[Recorded data]
######

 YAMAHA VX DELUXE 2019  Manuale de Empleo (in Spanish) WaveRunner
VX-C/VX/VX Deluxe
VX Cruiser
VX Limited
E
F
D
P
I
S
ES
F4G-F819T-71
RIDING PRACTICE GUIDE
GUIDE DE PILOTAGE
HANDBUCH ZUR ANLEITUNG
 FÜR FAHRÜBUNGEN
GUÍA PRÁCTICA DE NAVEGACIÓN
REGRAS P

######

# What you have to do
All entries must be given again exactly.

# Written response
 YAMAHA VX DELUXE 2019  Manuale de Empleo (in Spanish) WaveRunner
VX-C/VX/VX Deluxe
VX Cruiser
VX Limited
E
F
D
P
I
S
ES
F4G-F819T-71
RIDING PRACTICE GUIDE
GUIDE DE PILOTAGE
HANDBUCH ZUR ANLEITUNG
 FÜR FAHRÜBUNGEN
GUÍA PRÁCTICA DE NAVEGACIÓN
REGRAS P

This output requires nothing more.